→ **GIVEN RECORDS**:
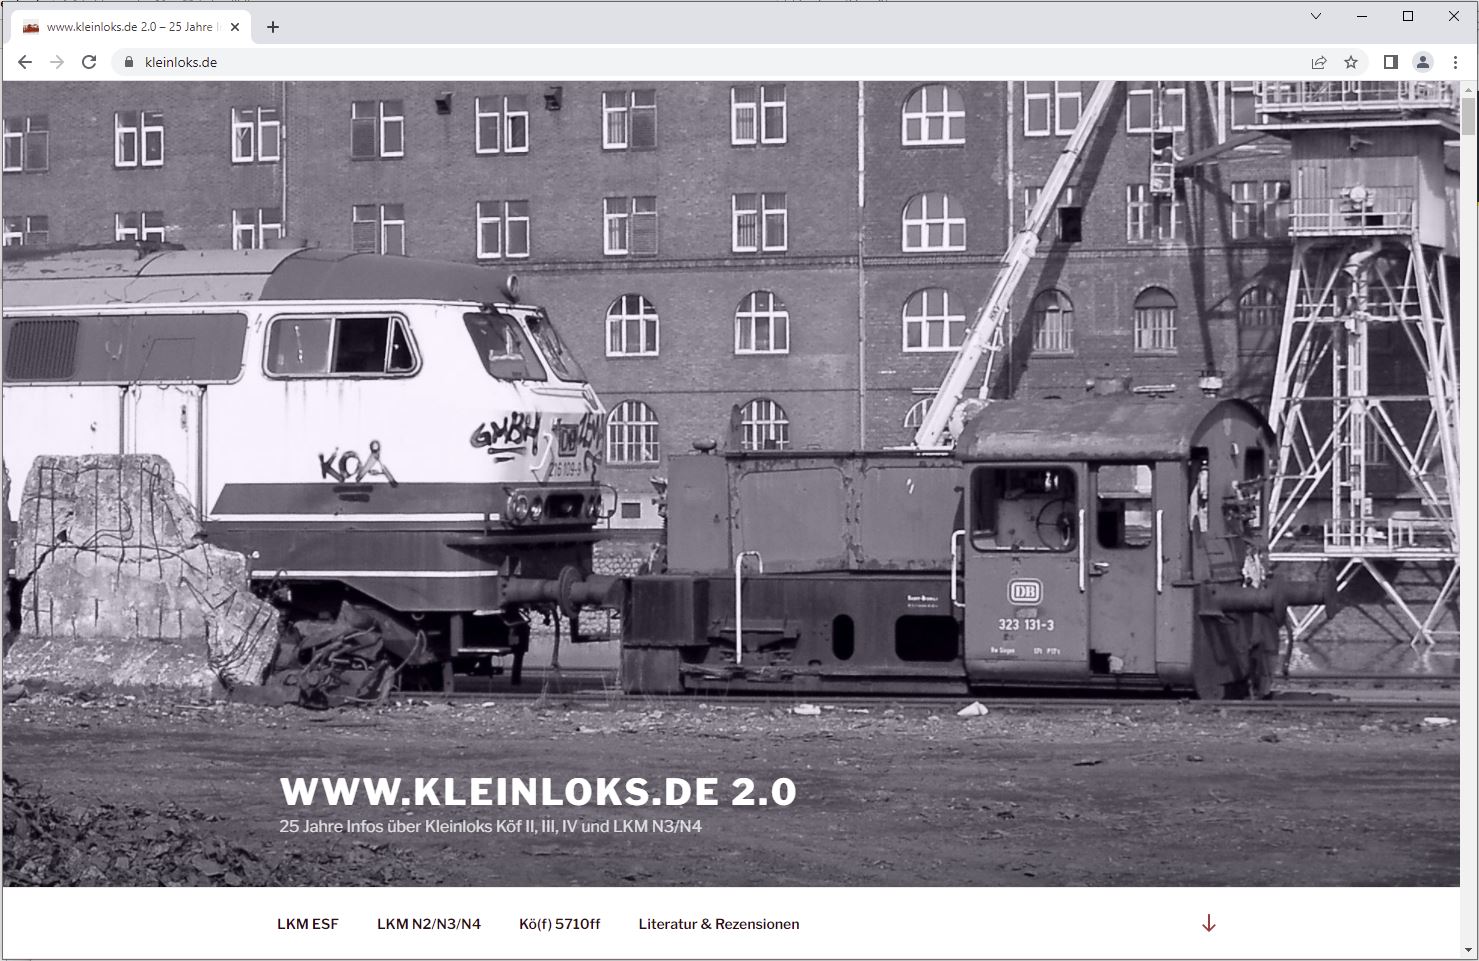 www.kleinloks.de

--

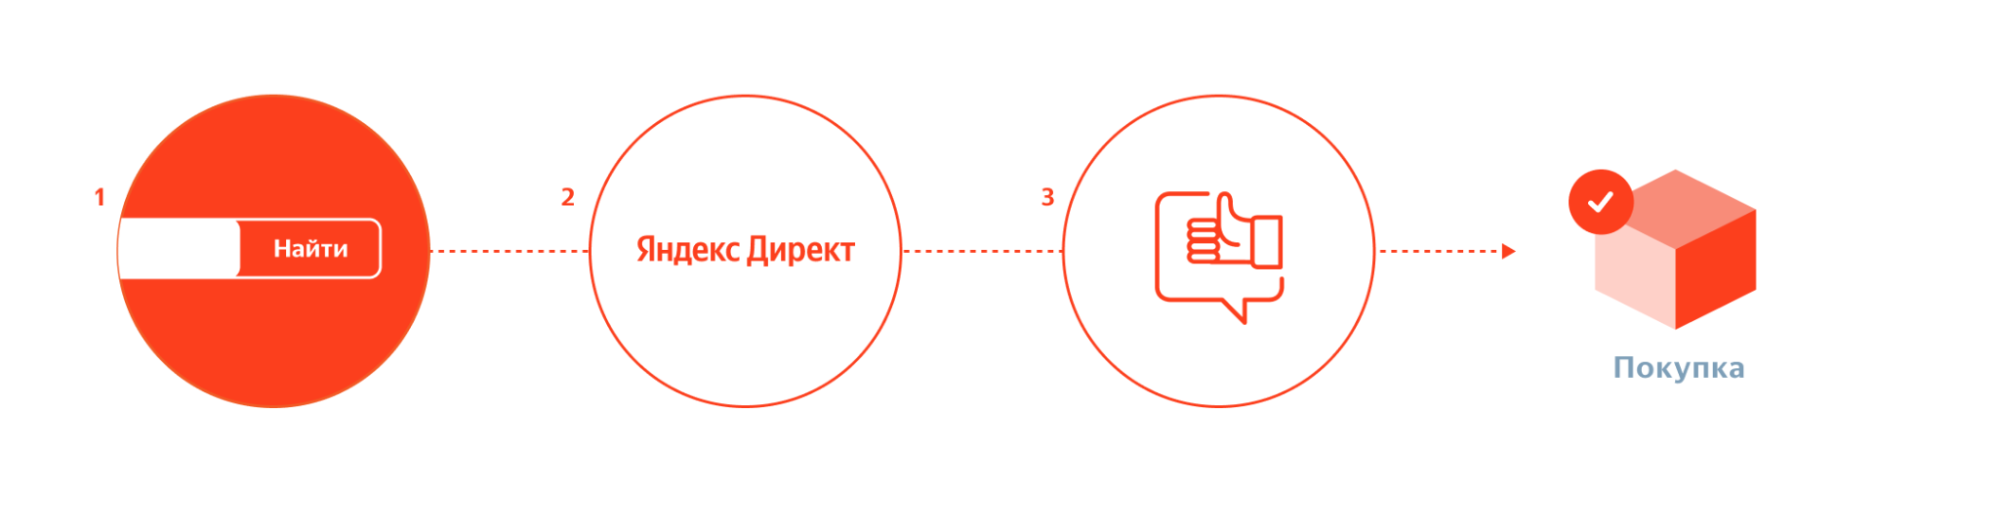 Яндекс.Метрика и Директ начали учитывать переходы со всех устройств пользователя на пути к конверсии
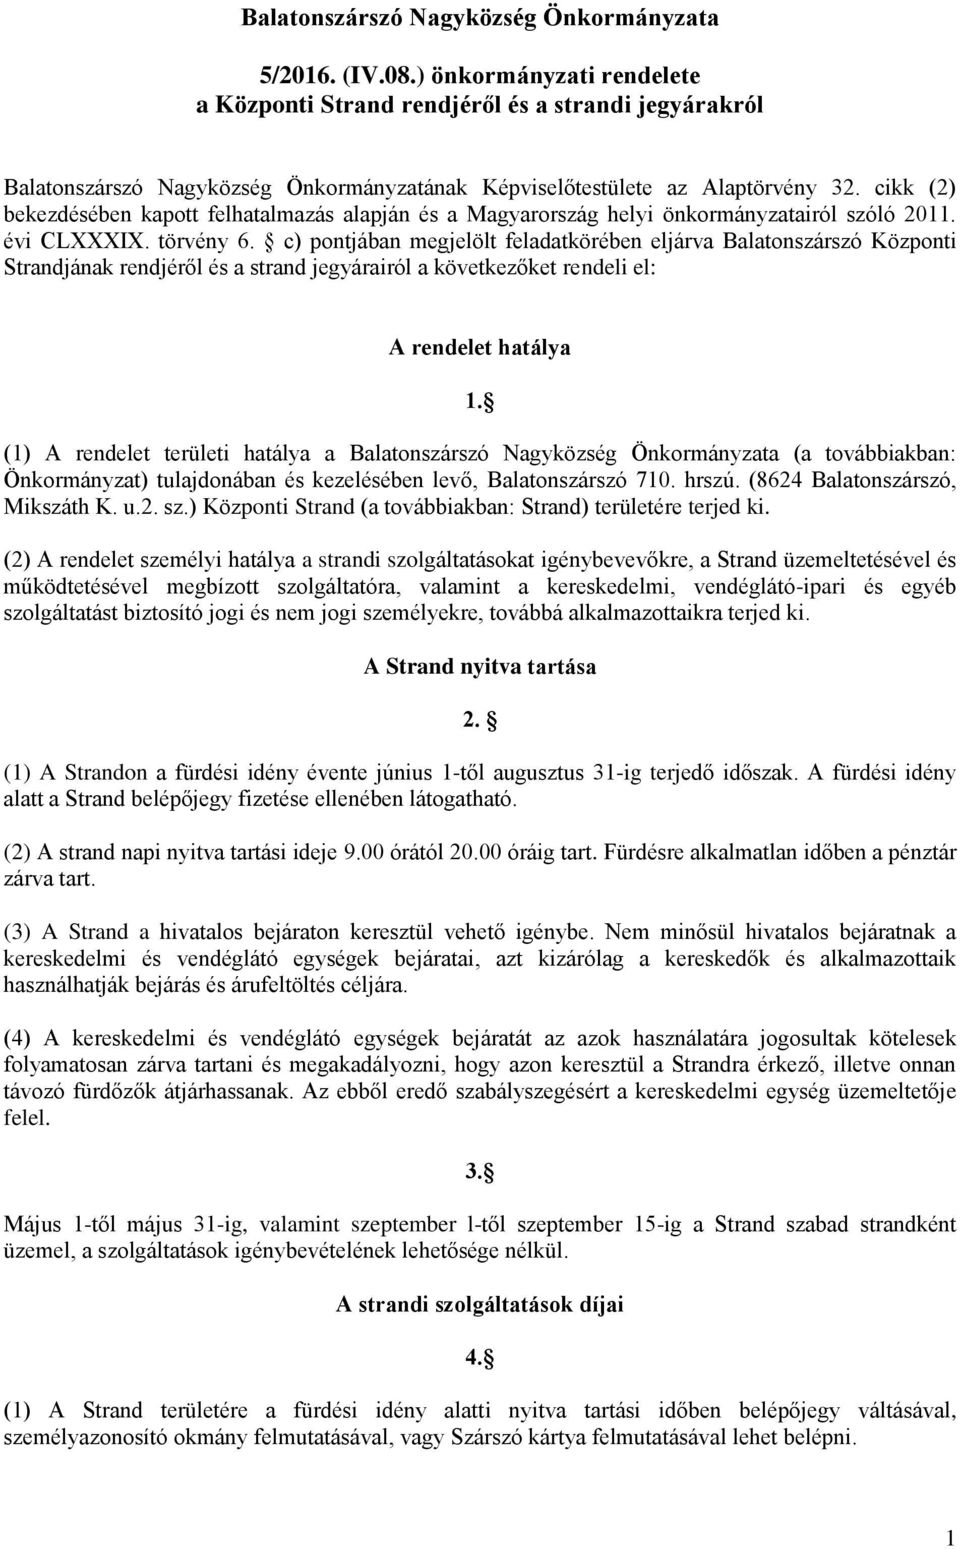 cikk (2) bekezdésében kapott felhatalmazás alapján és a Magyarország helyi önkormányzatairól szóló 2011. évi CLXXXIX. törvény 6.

→ **ACTIVITY**:
Skipping the pictures, print the lines in the listing above exactly as written, starting at the line with "Яндекс.Метрика и Директ" and ending at the line with "cikk (2) bekezdésében", both included.

→ **REPLY TO THE EXERCISE**:
 Яндекс.Метрика и Директ начали учитывать переходы со всех устройств пользователя на пути к конверсии
 cikk (2) bekezdésében kapott felhatalmazás alapján és a Magyarország helyi önkormányzatairól szóló 2011. évi CLXXXIX. törvény 6.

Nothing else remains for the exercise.